══ Source material ══
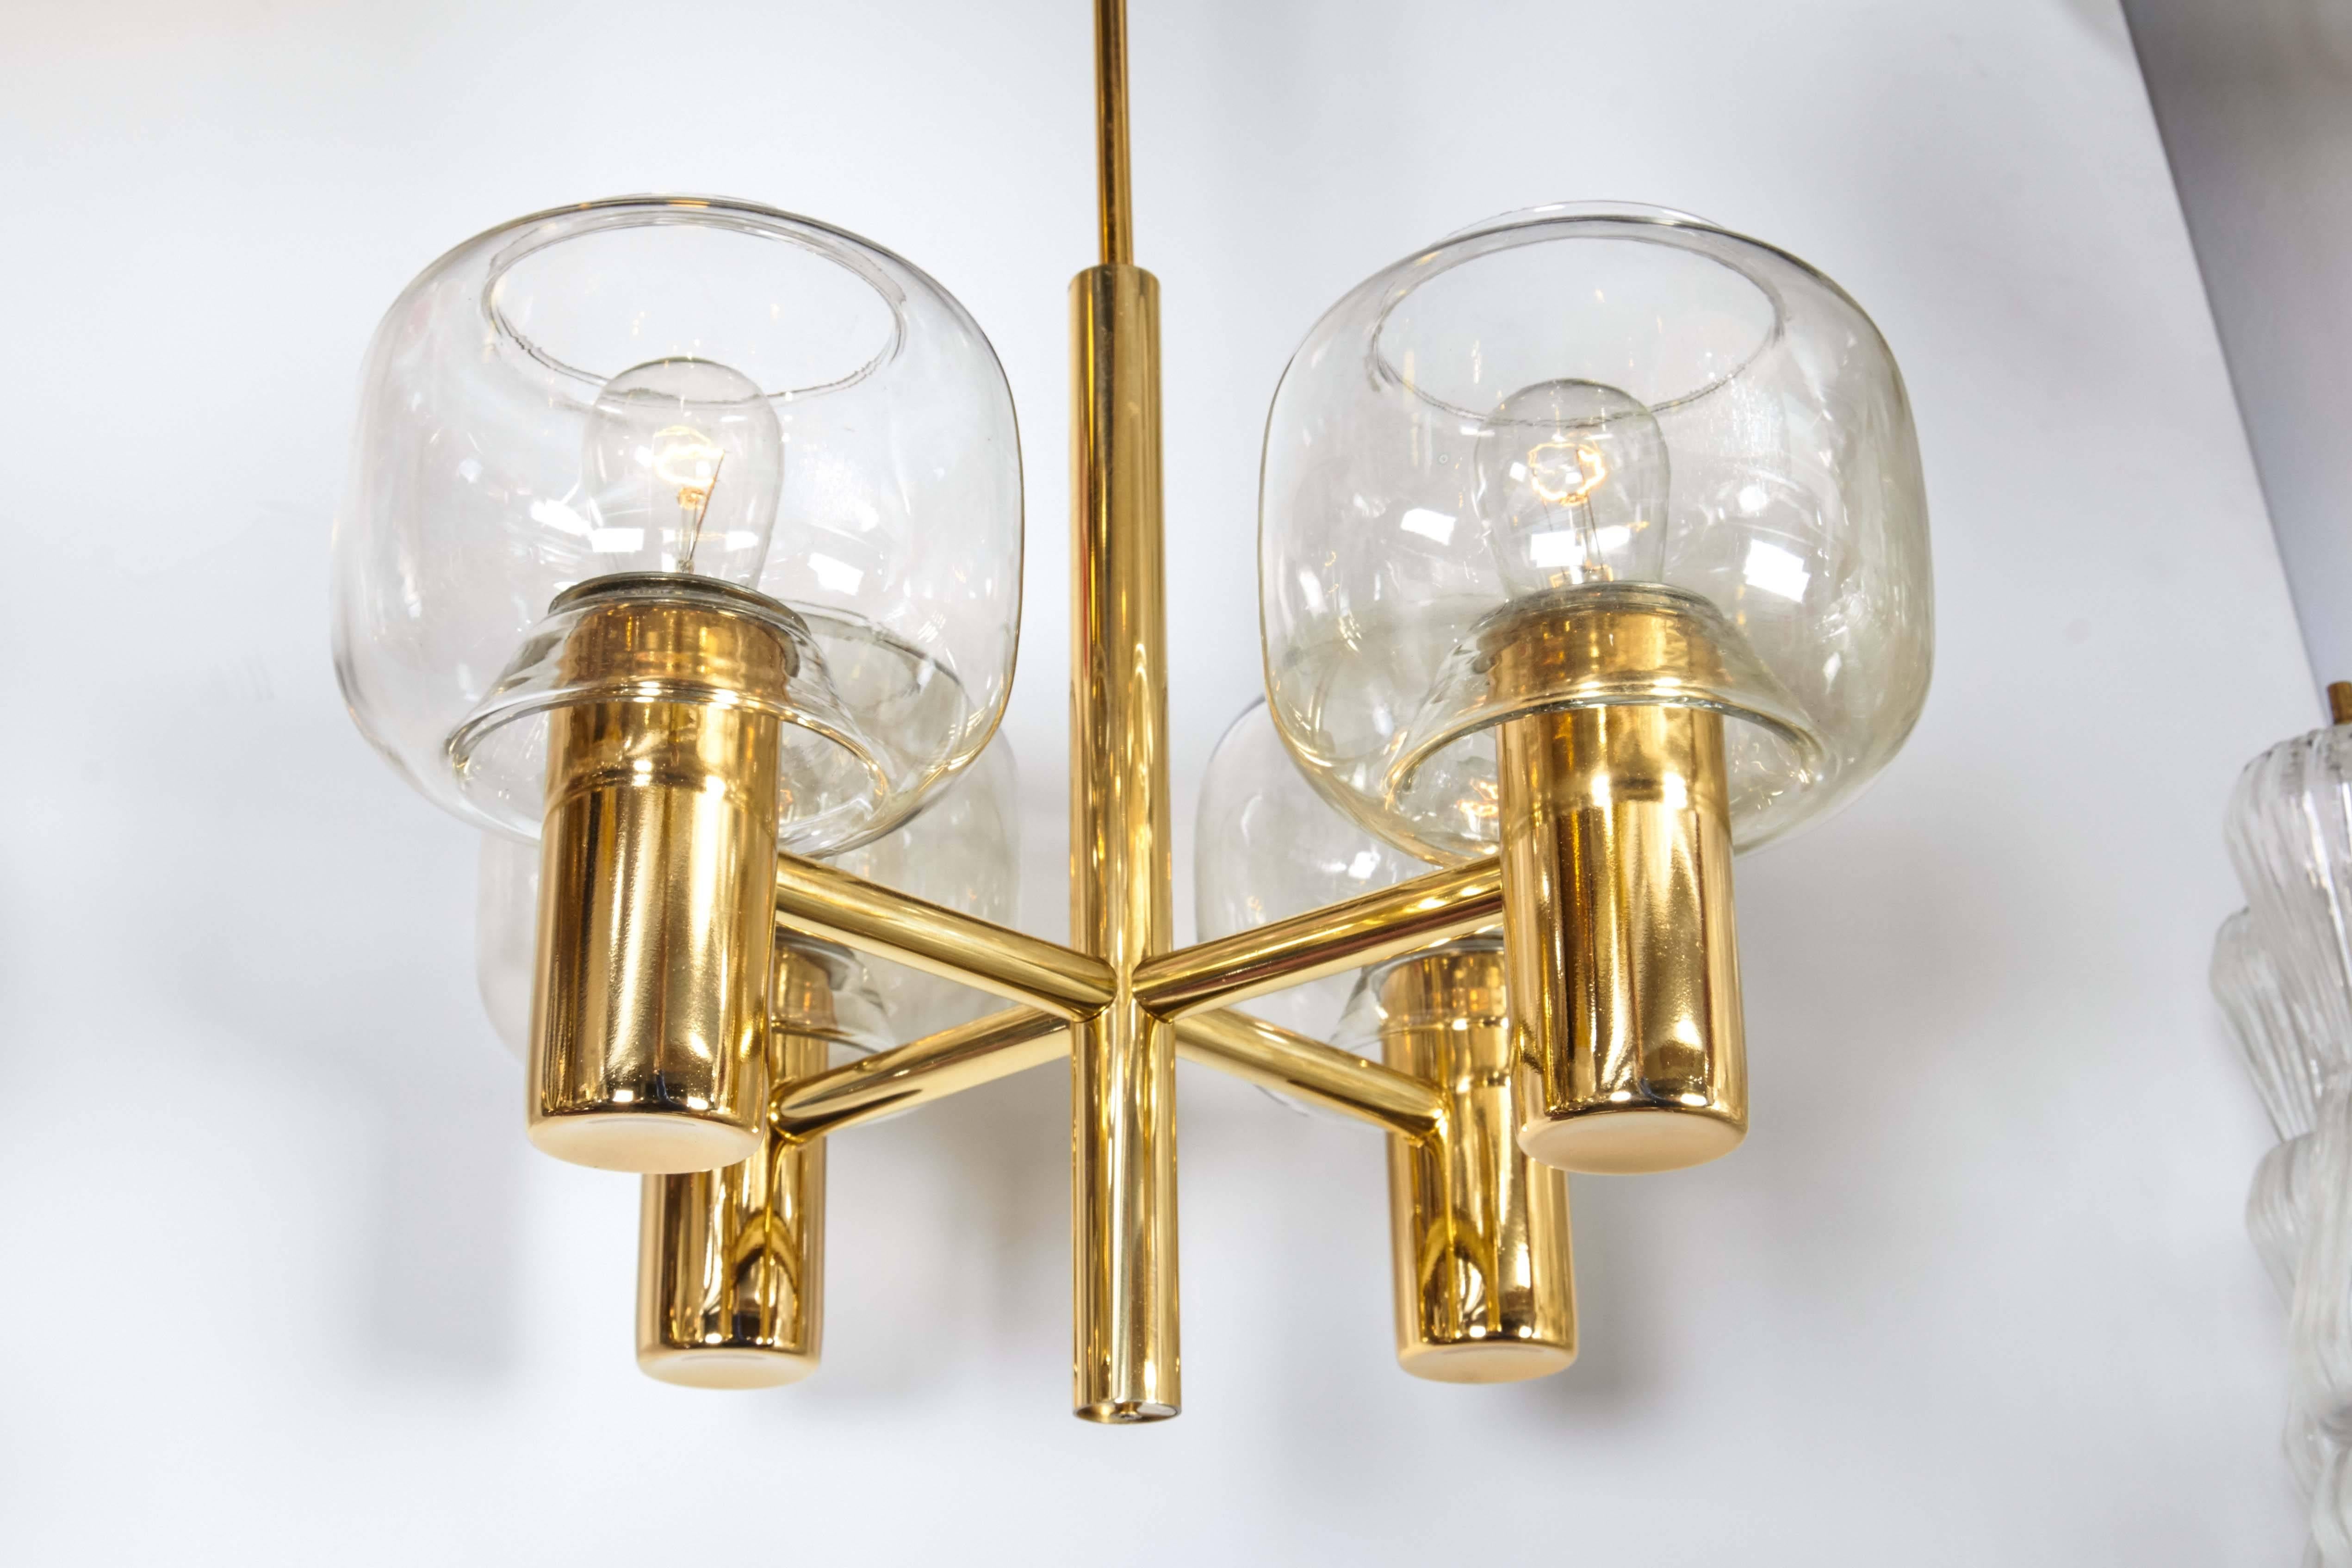 Hans-Agne Jakobsson brass with pale smoke amber blown glass shade four-arm chandelier.
Brass polished and lacquered, rewired.
Dimensions: 17
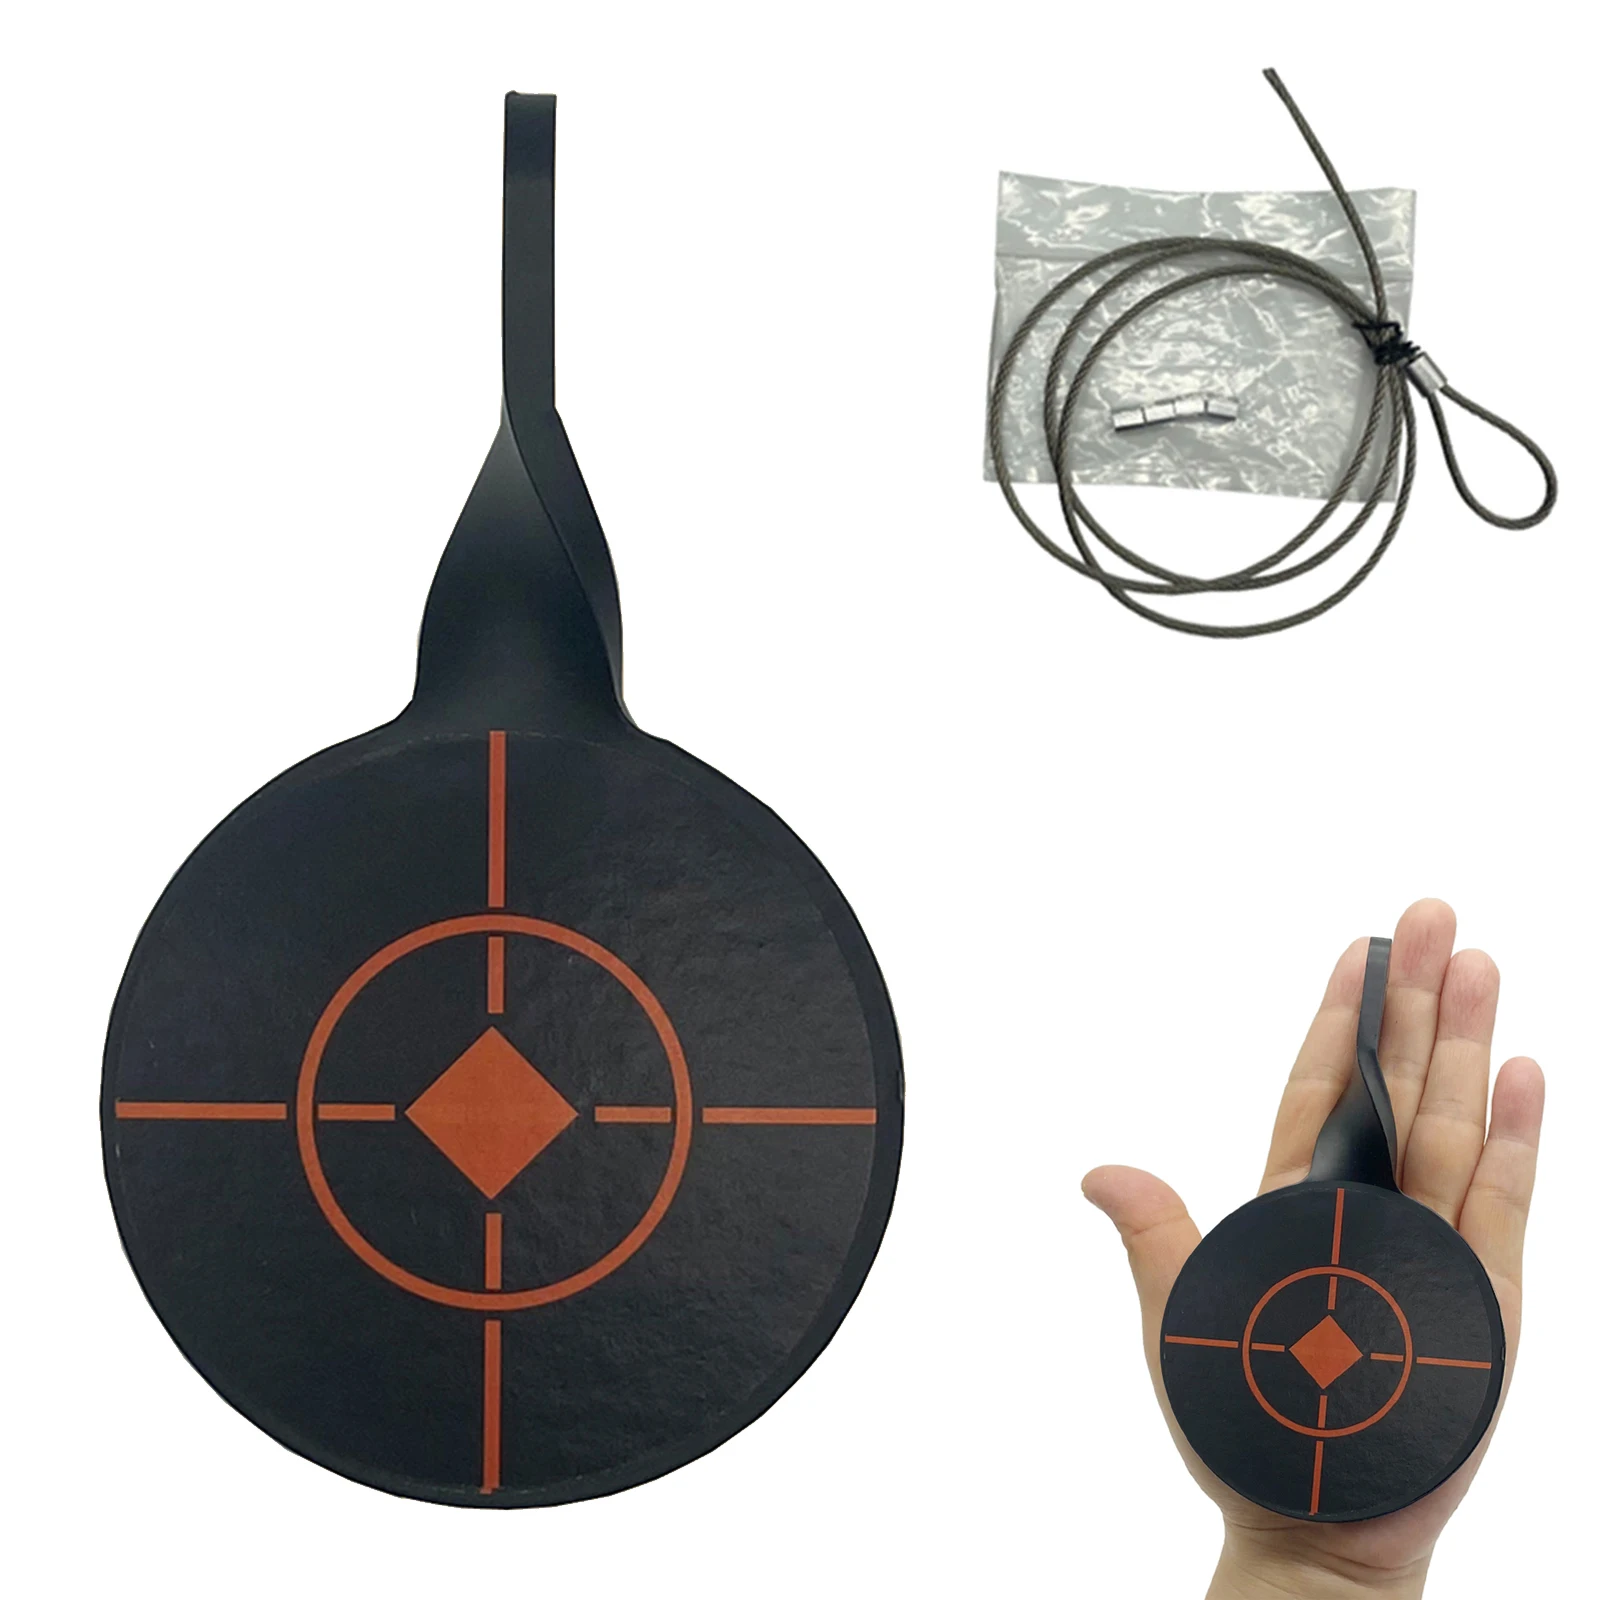 Diameter 8cm Shooting Target Stainless Steel Targets Hunting Catapult Paintball Archery Bow Training Target Hunting Accessories
═══
*Prompt*:
Restate the data word for word while omitting each picture.

*Reply*:
 Hans-Agne Jakobsson brass with pale smoke amber blown glass shade four-arm chandelier.
Brass polished and lacquered, rewired.
Dimensions: 17
 Diameter 8cm Shooting Target Stainless Steel Targets Hunting Catapult Paintball Archery Bow Training Target Hunting Accessories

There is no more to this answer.